The appellant-defendant, Steven Applewhite, and his wife, Betty Applewhite, were jointly indicted and tried for the burglary and larceny of the Troy Pharmacy in Obion County, Tennessee, and for possession of certain controlled substances taken during the burglary. Steven Applewhite was convicted of larceny and sentenced to three to six years imprisonment, and he was convicted of possession of controlled substances with the intent to resell and sentenced to three to five years imprisonment. His wife was acquitted of the burglary charge and given a 30 day sentence for simple possession of a controlled substance. She does not appeal.

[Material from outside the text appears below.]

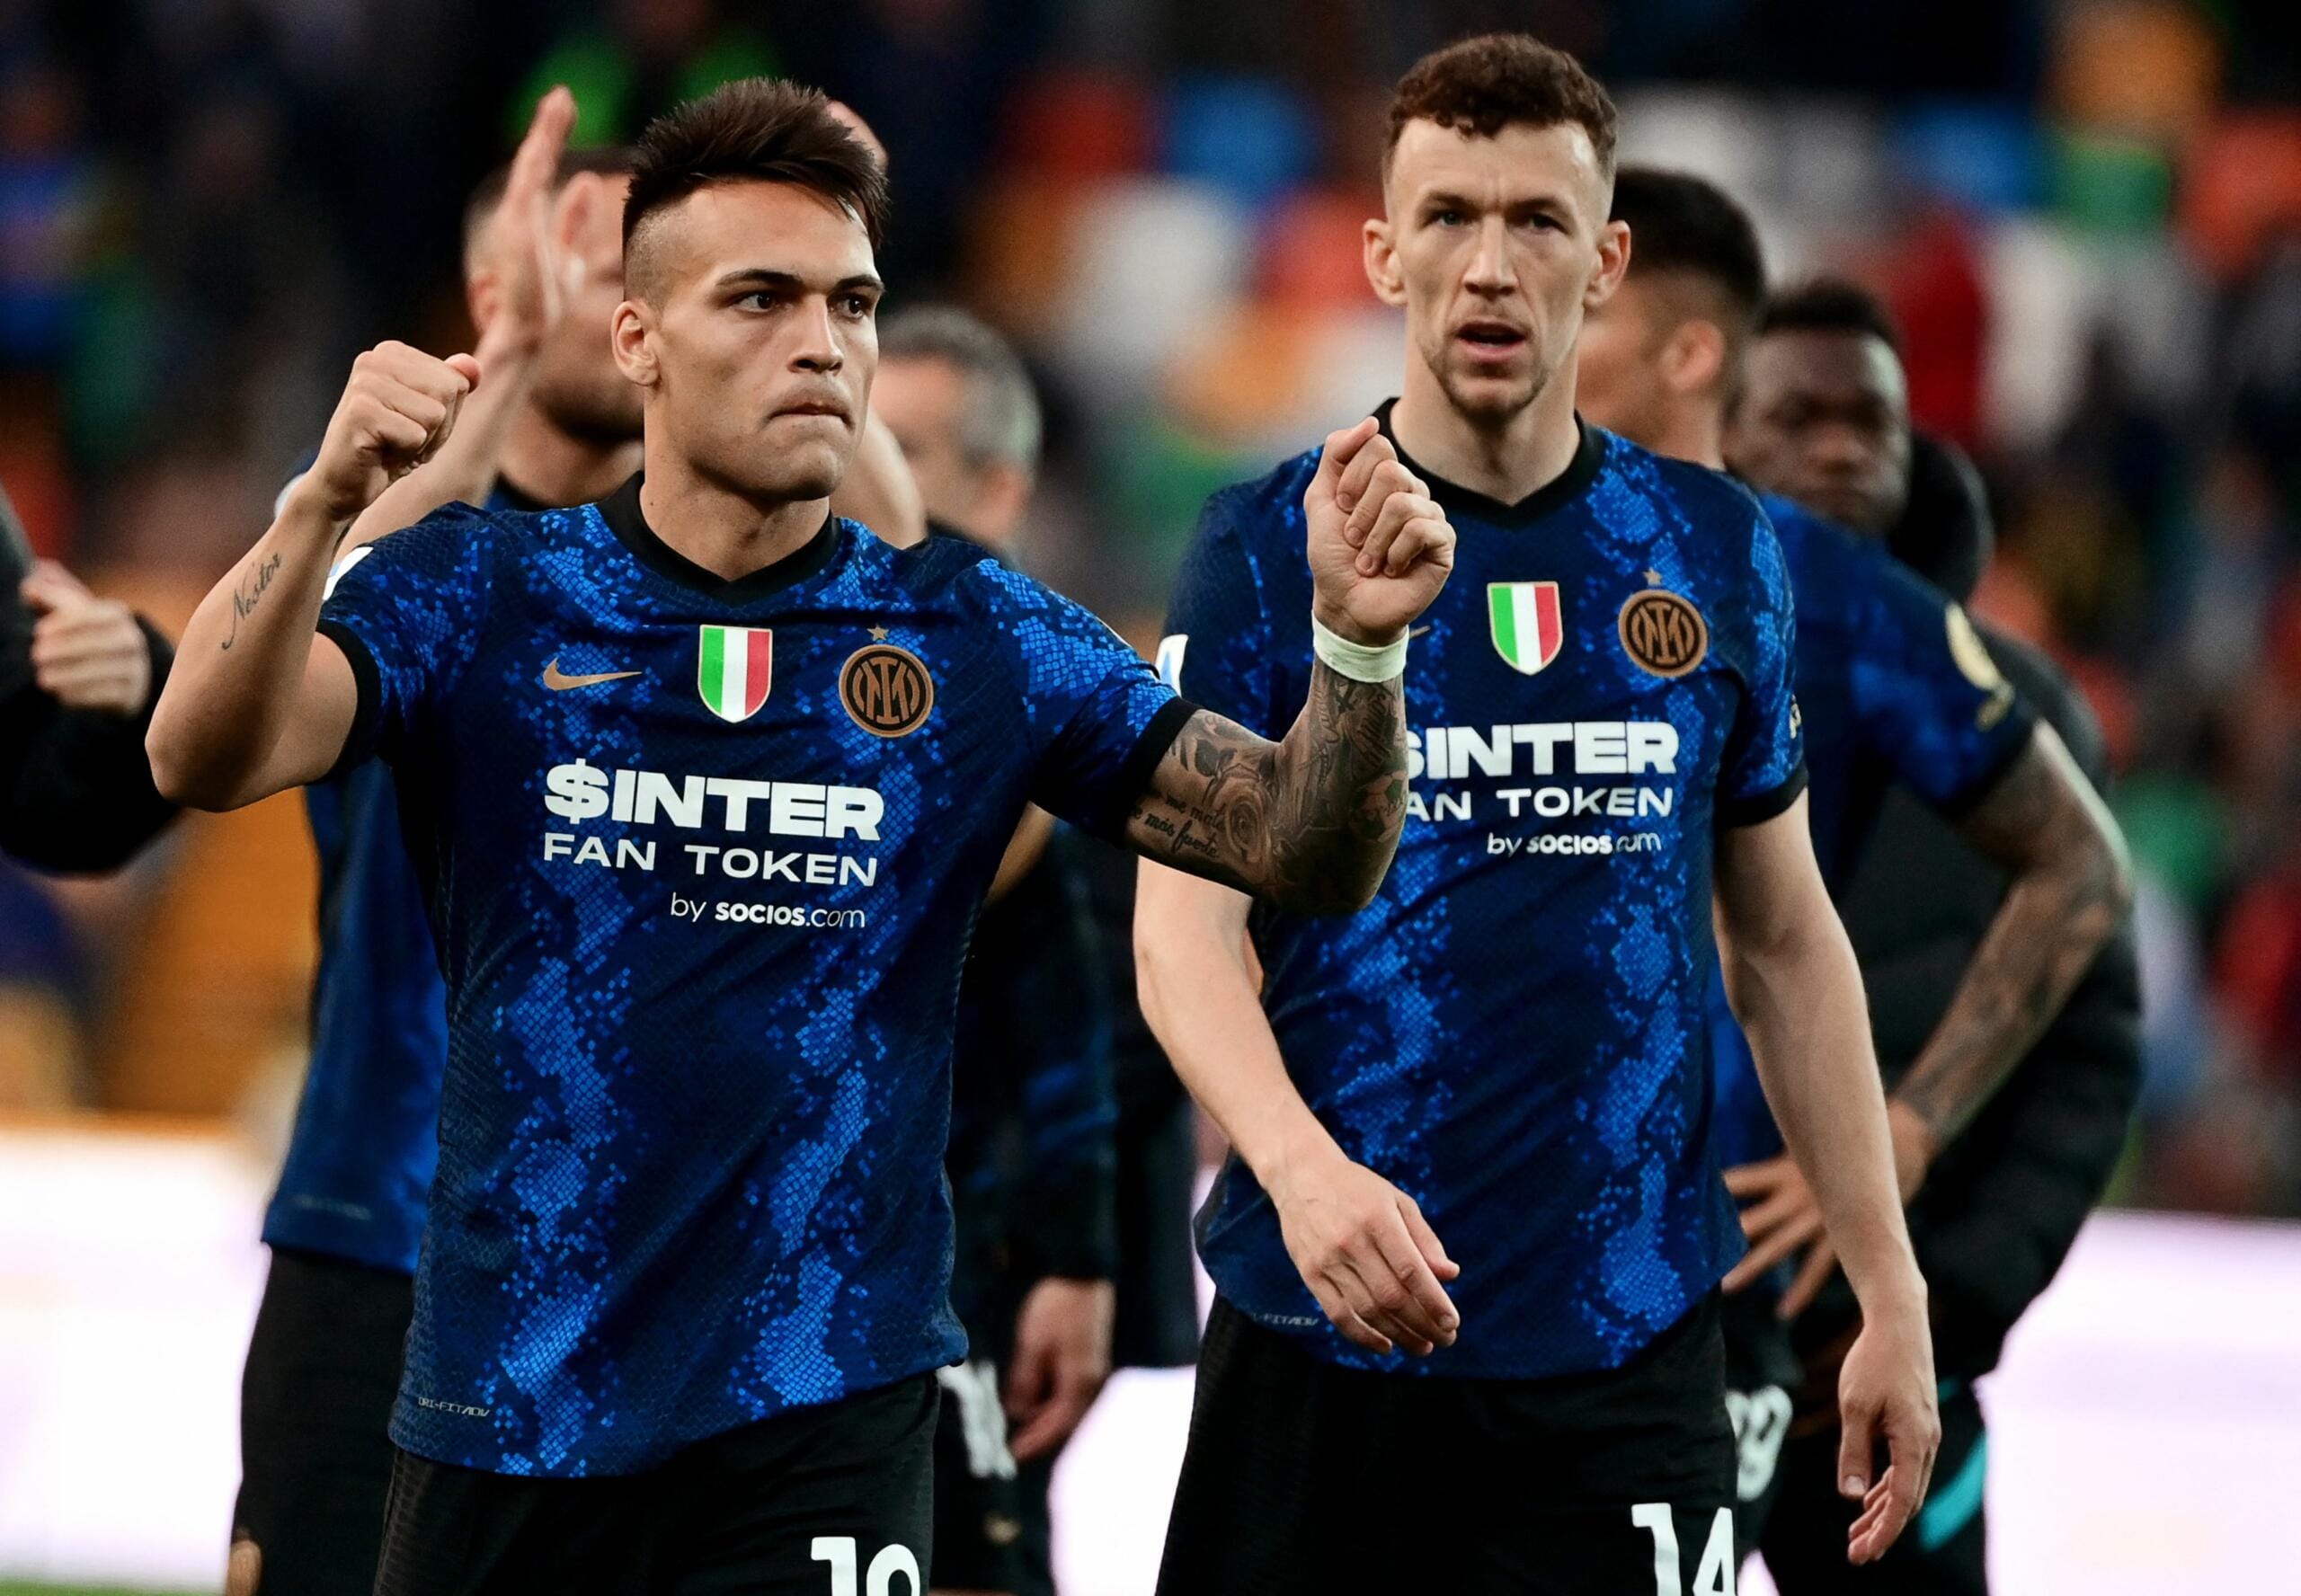 Calcio: l’Inter verso lo scudetto?

One of the errors urged before this court concerns the failure of the grand jury foreman to sign one of the two indictments returned against Applewhite. A review of the technical record indicates that the burglary and larceny charges are listed as counts one and two of an indictment numbered 2541, endorsed a true bill, and returned on May 2, 1978 by the Obion County Grand Jury sitting at the May 1978 term. Among the items listed in the larceny count is "a quantity of controlled substances including Elavil (Amitripthine HCI, MSD), Valium, Anturane, Butazoliden. . . ." This instrument bears the signature of the Attorney General on its face, but is not signed by the grand jury foreman in the designated space provided on its reverse side. A second indictment charges the felonious possession of "Elavil (Amitripthine, HCI, MSD), Valium, Anturane, Butazolidin," and bears No. 2540. It is also endorsed a true bill, and it is signed by the grand jury foreman as having been returned on May 2, 1978. Like the other charging instrument, it emanates from the May 1978 term of the Obion County Grand Jury.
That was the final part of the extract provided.